**Activity:** The following data is to be repeated exactly, its pictures excluded.

**Dataset extract:**

+ + + +

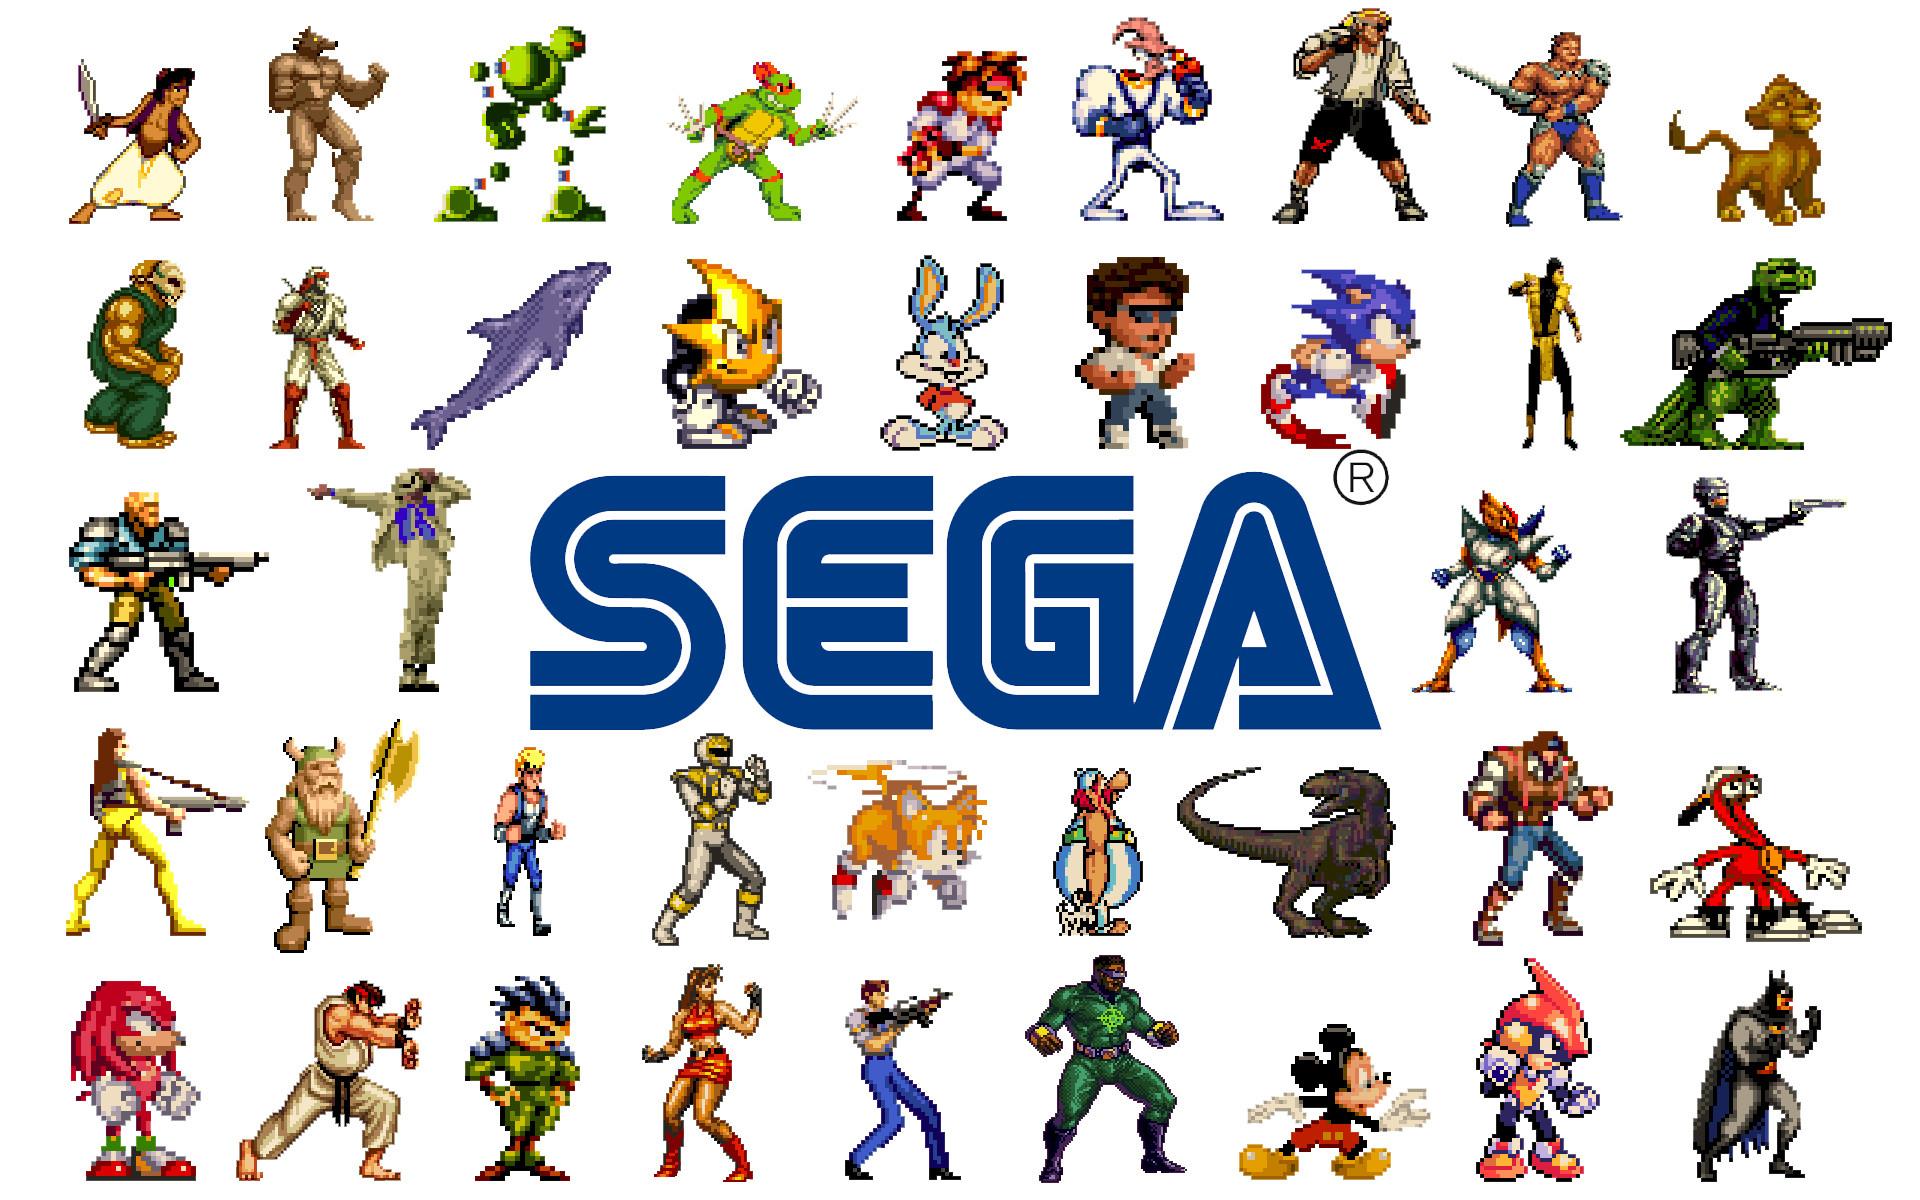 Sega dreamcast 10th anniversary | Sega Wallpapers 0 HTML code. 31PM // 19  notes
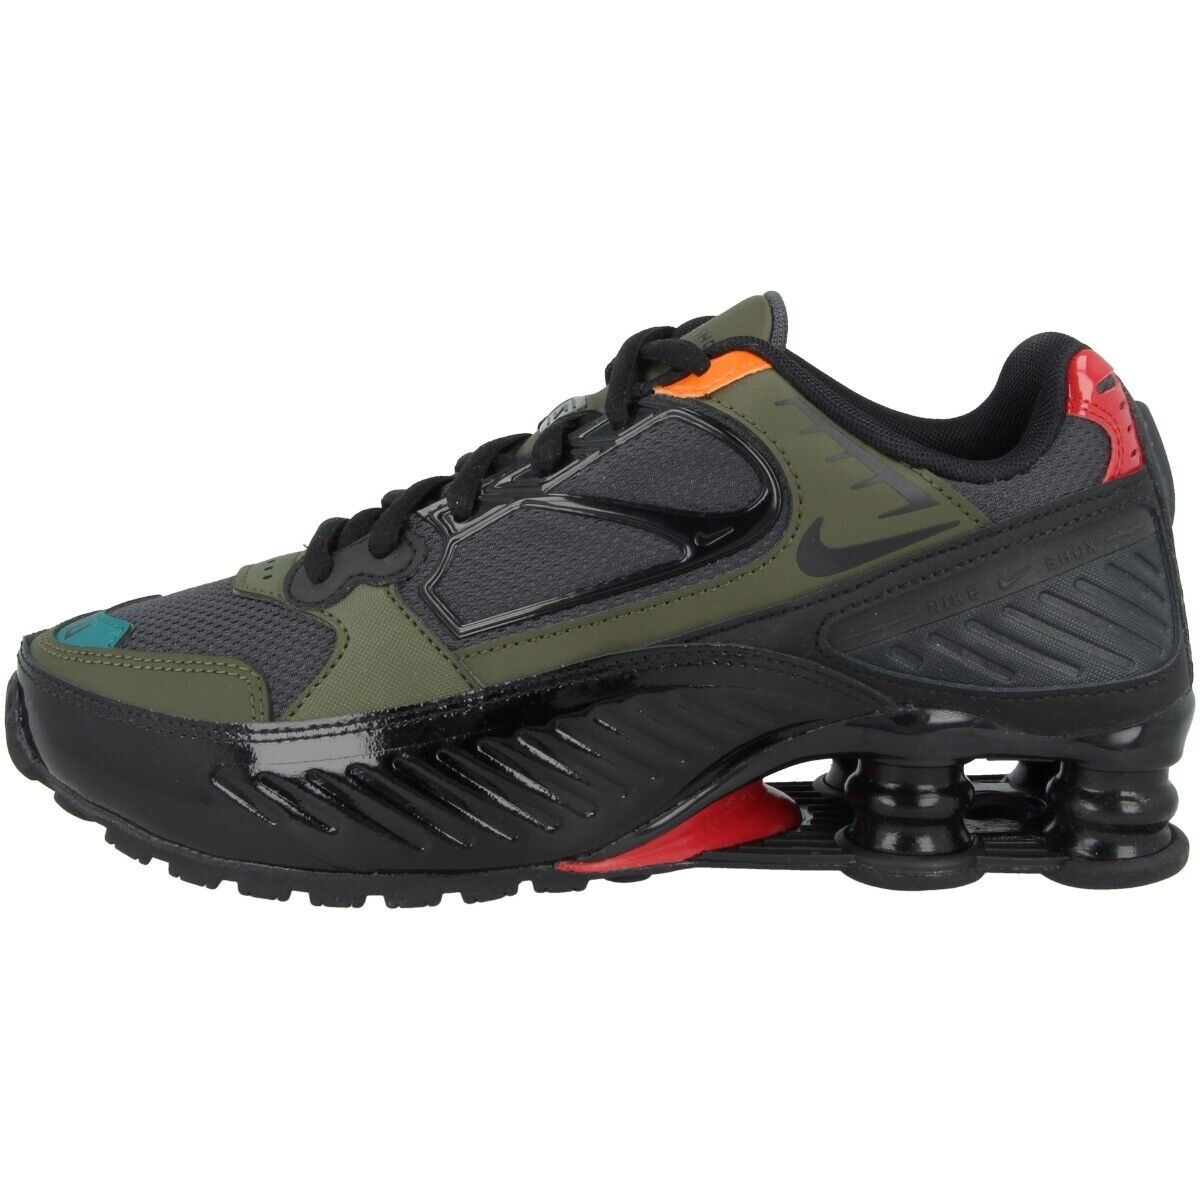 1 Paar Nike Schuhe Größe 38
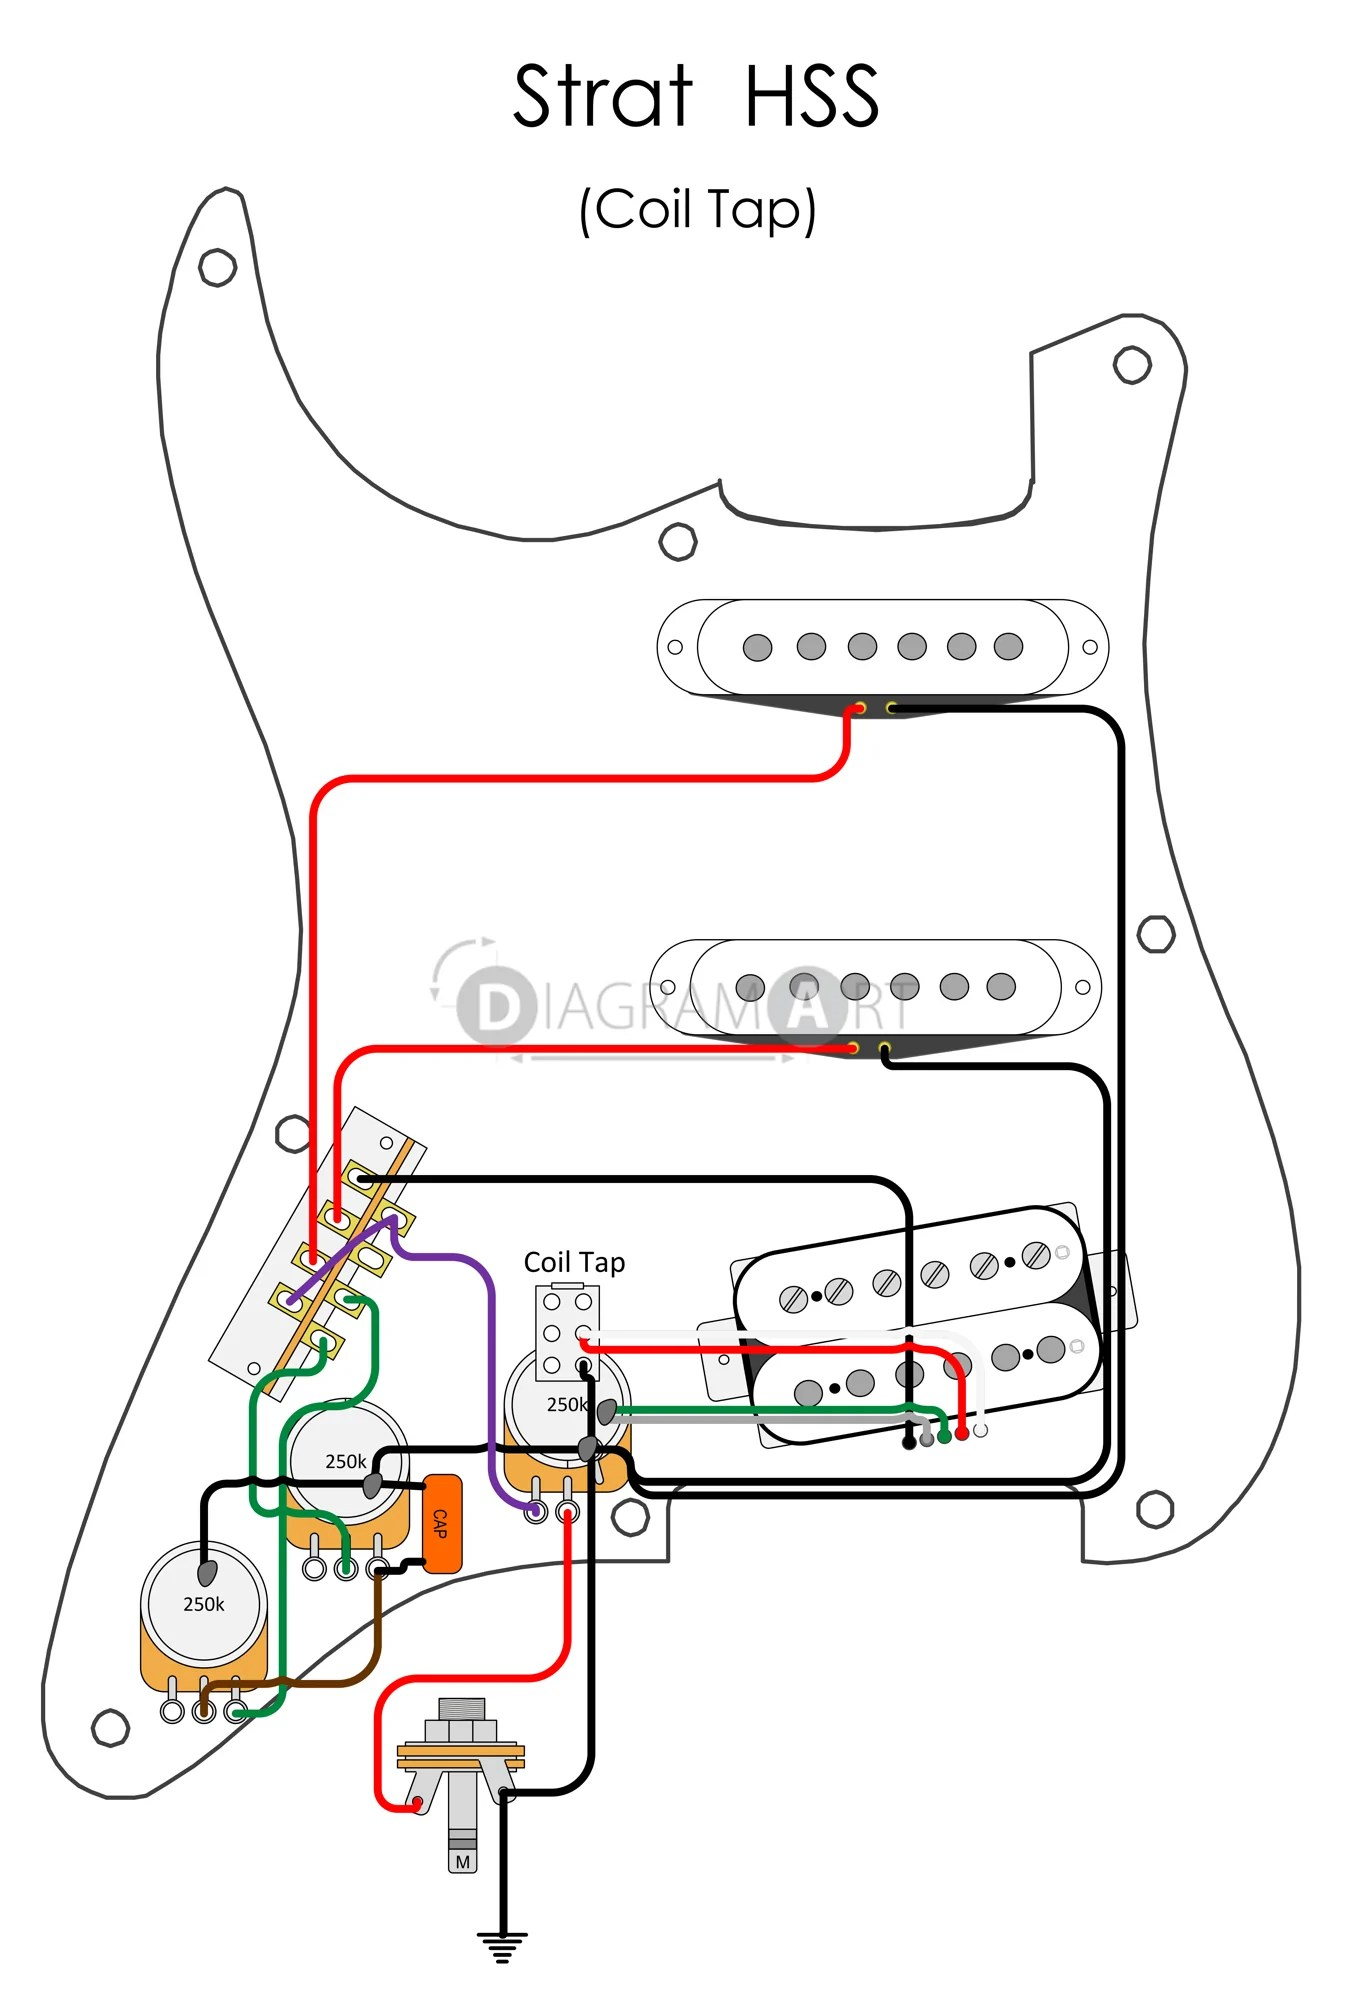 coil wiring diagram hss 5 way splitter wiring diagram for you wiring hss fender tone master [ 1348 x 2000 Pixel ]

+ + + +

**The answer:**
 Sega dreamcast 10th anniversary | Sega Wallpapers 0 HTML code. 31PM // 19  notes
 1 Paar Nike Schuhe Größe 38
 coil wiring diagram hss 5 way splitter wiring diagram for you wiring hss fender tone master [ 1348 x 2000 Pixel ]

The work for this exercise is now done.